By AIA Contract Documents
December 5, 2023
If you are in the construction industry, you are likely familiar with professional liability insurance – a policy typically purchased by design and engineering professionals, which provides coverage for financial loss due to claims of negligence, mistakes, or a failure to perform their professional duties. However, did you also know that miscellaneous professional liability coverage exists? This article provides a general description of what miscellaneous professional liability coverage is and what professionals or quasi-professionals may want it.
What is miscellaneous professional liability insurance?
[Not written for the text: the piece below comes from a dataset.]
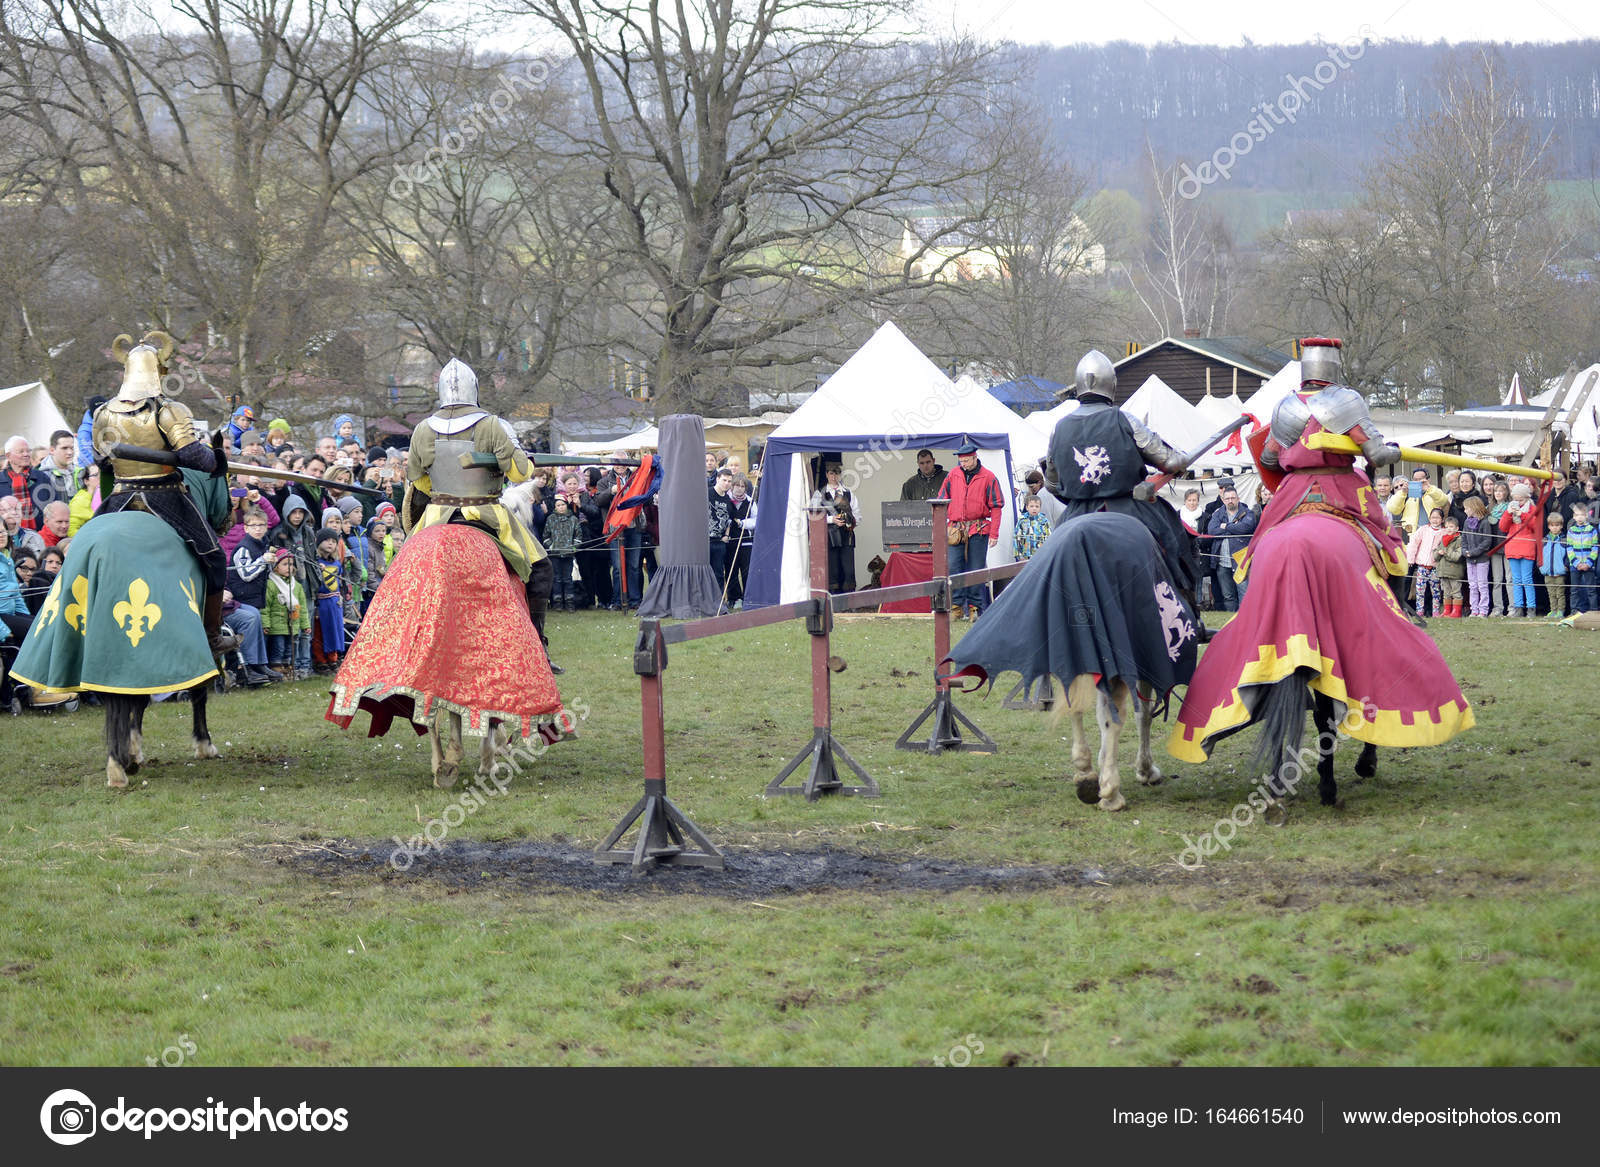 06.04.2015 Lorelay ドイツ , 中世の騎士ゲームの騎士の馬に乗っ

Miscellaneous professional liability insurance covers various professionals or quasi professionals who may not fall into the standard policies or specific categories covered by traditional professional liability insurance. For example, traditional professional liability insurance is tailored to specific professions, such as design and engineering professionals. Choosing the correct traditional professional liability insurance policy depends, in large part, on the nature of the profession and the coverage needs. Miscellaneous professional liability insurance, however, is suitable for professionals regardless of whether it falls within a specific industry recognized by traditional professional liability insurance.
Who could use miscellaneous professional liability insurance?
Professionals in the construction industry who may elect to procure miscellaneous professional liability insurance coverage include, but are not limited to, owner’s representatives, program managers, consultants, safety consultants, and any others who may need a more flexible policy that can cater to the diverse needs of their role in a construction project.
Before beginning your next project, contact your broker or insurance provider to learn more about this insurance and consider whether this insurance might be right for you.
AIA Contract Documents has provided this article for general informational purposes only. The information provided is not legal opinion or legal advice and does not create an attorney-client relationship of any kind. This article is also not intended to provide guidance as to how project parties should interpret their specific contracts or resolve contract disputes, as those decisions will need to be made in consultation with legal counsel, insurance counsel, and other professionals, and based upon a multitude of factors.